This week’s Three Minute Read takes a peek at a go-to gizmo of today’s Business of Pleasure that has allegedly been around from the very beginning… The Word

 

‘You’re sitting at your desk talking to a person who is behind you and who you cannot see.

They leave the room without you noticing it, and you continue to talk, under the illusion that they’re still listening, can still understand what you’re saying.  Outwardly you are talking to yourself, but psychologically your speech is social.’

 

This little thought experiment was posed by Lev Vygotsky, one of the Fathers of Russian Psychology, born 1896.  Vygotsky used it to illustrate how, in his opinion, the phenomenon of ‘egocentric speech,’ prevalent in children between the ages of 3 and 7, might also be, at heart, social speech.

 

Jean Piaget, the Big Daddy of Child Psychology, also born 1896, but in Switzerland, didn’t agree.

 

Piaget thought egocentric speech was just a temporary detour, a one way street, on the journey of child development.

 

So Vygotsky and his team set out to prove Piaget wrong.

 

‘We took as the starting point of our experiment three of Piaget’s own observations:

1)     Egocentric speech occurs only in the presence of other children engaged in the same activity, and not when the child is alone, i.e. it is a collective monologue.

2)     The child is under the illusion that his egocentric talk, directed to nobody, is understood by those who surround him.

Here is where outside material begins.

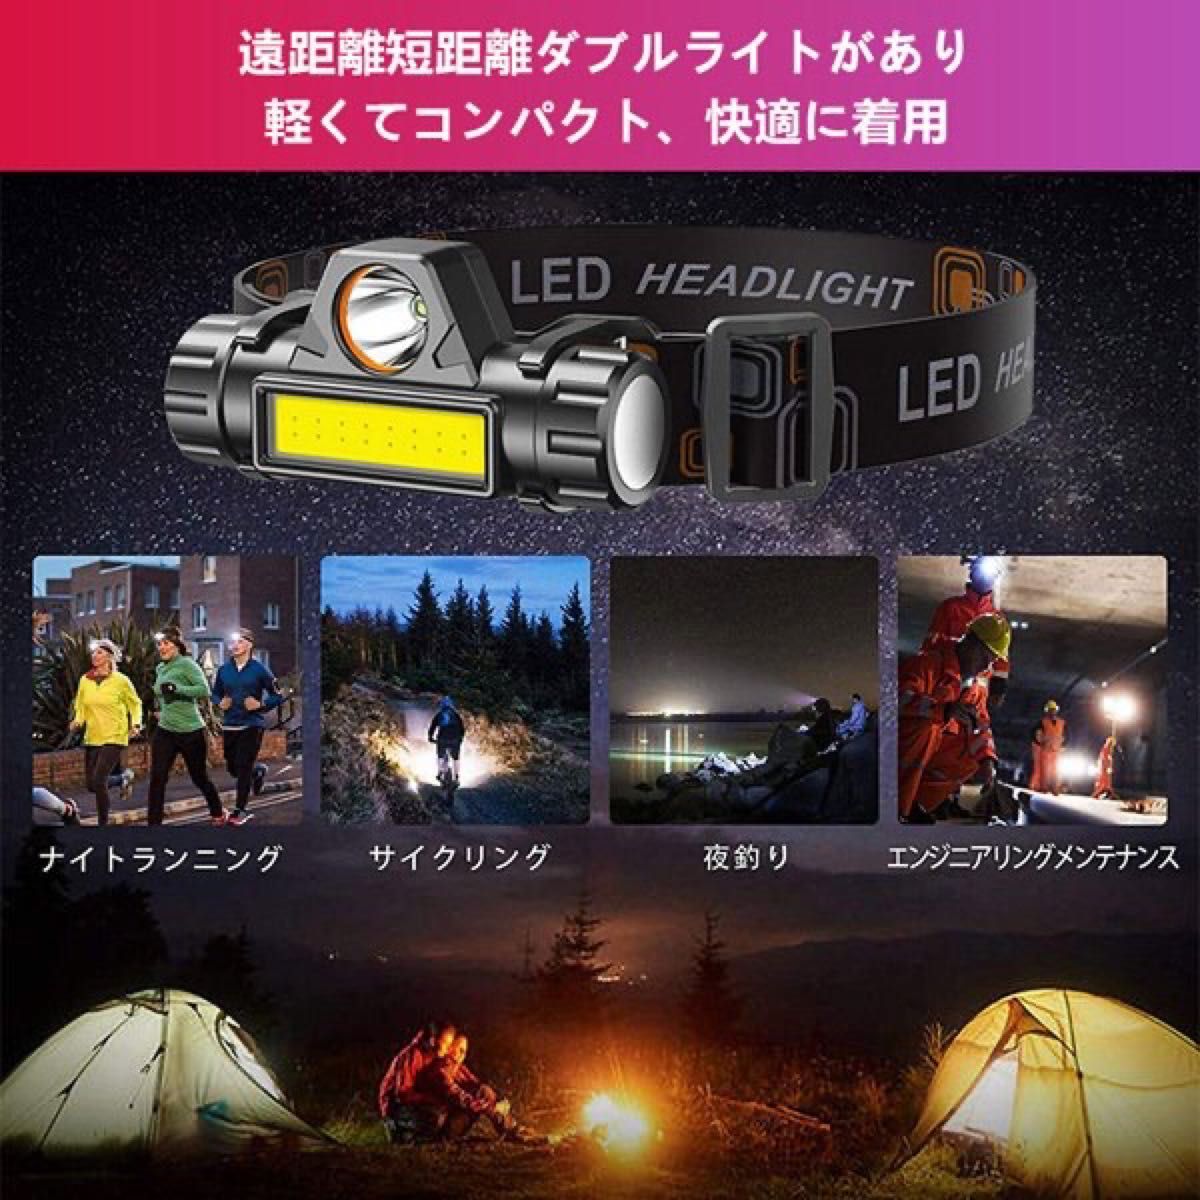 LED ヘッドライト 2台セット キャンプ 夜釣り アウトドア 夜間作業 高輝度 USB充電 防水 防災 夜間作業灯
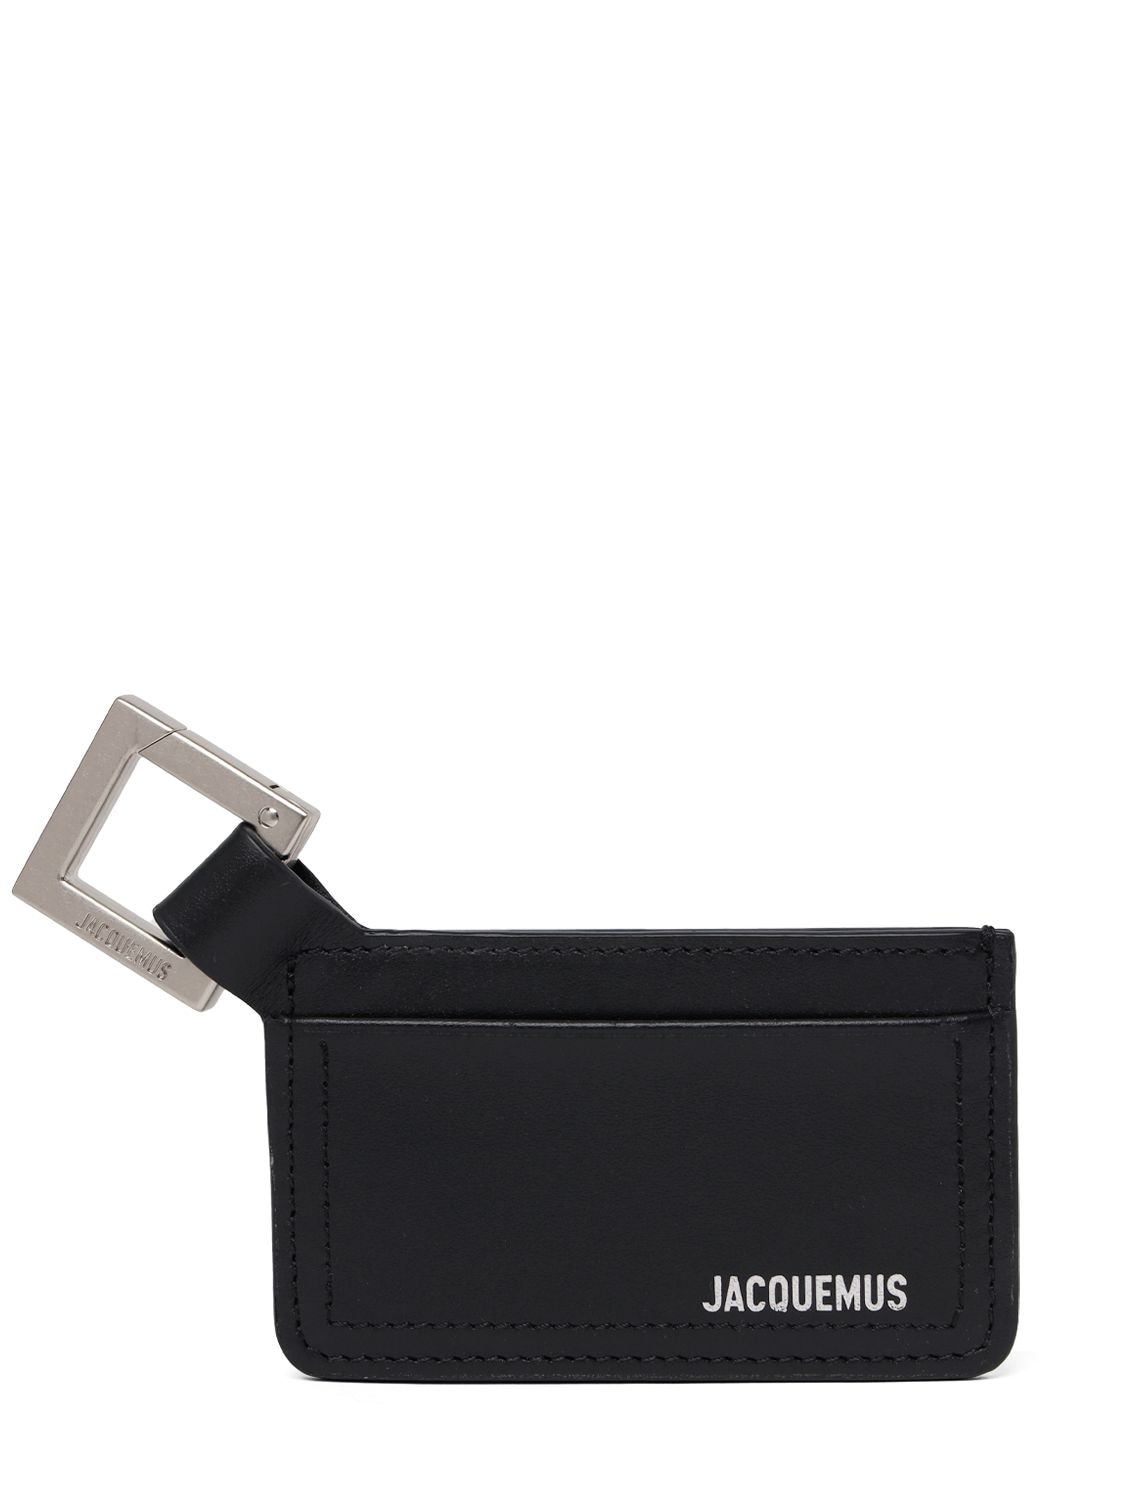 Jacquemus Le Porte-cartes Cuerda Leather Wallet In Black

3)     Egocentric speech has the character of external speech: It is not inaudible or whispered.’

 

When Vygotsky’s team sat children alongside others who couldn’t hear or speak, or who spoke a different language, these children’s egocentric speech massively reduced, to zero in most cases.

 

When they isolated these children from the rest of the group, it also massively reduced, by more than eighty percent on average

 

When they hired an orchestra to drown out the individual subject child’s voice, and the voices of the rest of the group, it also reduced by around eighty percent.

 

Now both Vygotsky and Piaget agreed that children generally only engage in egocentric speech between the ages of three* and seven.**

 

Where they differed, crucially, was around what happened to it next?

 

Piaget thought that it died out at age seven.

 

Vygotsky, on the other hand, believed that it became internalized, as ‘inner speech,’ and went on to show how the structures of our inner speech, yours and mine, grew out from, but still resembled, that earlier, abandoned, egocentric speech.

 

‘Inner speech is not the interior aspect of external speech -it is a function of itself. It still remains speech, i.e. thought connected with words. But while in external speech thought is embedded in words, in inner speech words die as they bring forth thought.’

 

Adding, later:

 

‘If language is as old as consciousness itself, and if language is a practical conscious-for-others and, consequently, consciousness-for-myself, then not only one particular thought but all consciousness is connected with the development of the word. The word is a thing in our consciousness, as Feuerbach put it, that is absolutely impossible for one person, but that becomes a reality for two. The word is a direct expression of the historical nature of human consciousness. Consciousness is reflected in a word as the sun is in a drop of water. A word relates to consciousness as a living cell relates to a whole organism, as an atom relates to the universe. A word is a microcosm of human consciousness.’

 

So we’d be wise to choose, and use, our words carefully: professionally, in The Business of Pleasure; personally, as the map, compass and GPS of our consciousness; and interpersonally, as we try to understand the complex, contradictory, and sometimes utterly heart-breaking behaviour of our fellow humans, and be understood by them in return. Those precocious, two-legged, perpetual wordsmiths, jogging alongside us, for the briefest eternity, beautiful, barbaric and (allegedly) big-brained.

 

Most of the words above were taken from translations of Vygotsky’s work ‘Thought and Language,’ first published in 1934. He died of tuberculosis the same year, aged 37, bowing out, professionally at least, with these words:

 

“This is the final thing I have done in psychology – and I will, like Moses, die at the summit, having glimpsed the promised land but without setting foot on it. Farewell, dear creations. The rest is silence.

 

DT 11-8-24

 

*Up to the age of three, the child’s speech is believed to be one hundred percent social, and purely for the purposes of communication.

 

**Beyond the age of seven, and into adulthood, the nearest we get to old-style ‘egocentric speech,’ is when we’re struggling with a task and say to ourselves “Come on, you can do this!”

 

Jean Piaget died in 1980, aged 84.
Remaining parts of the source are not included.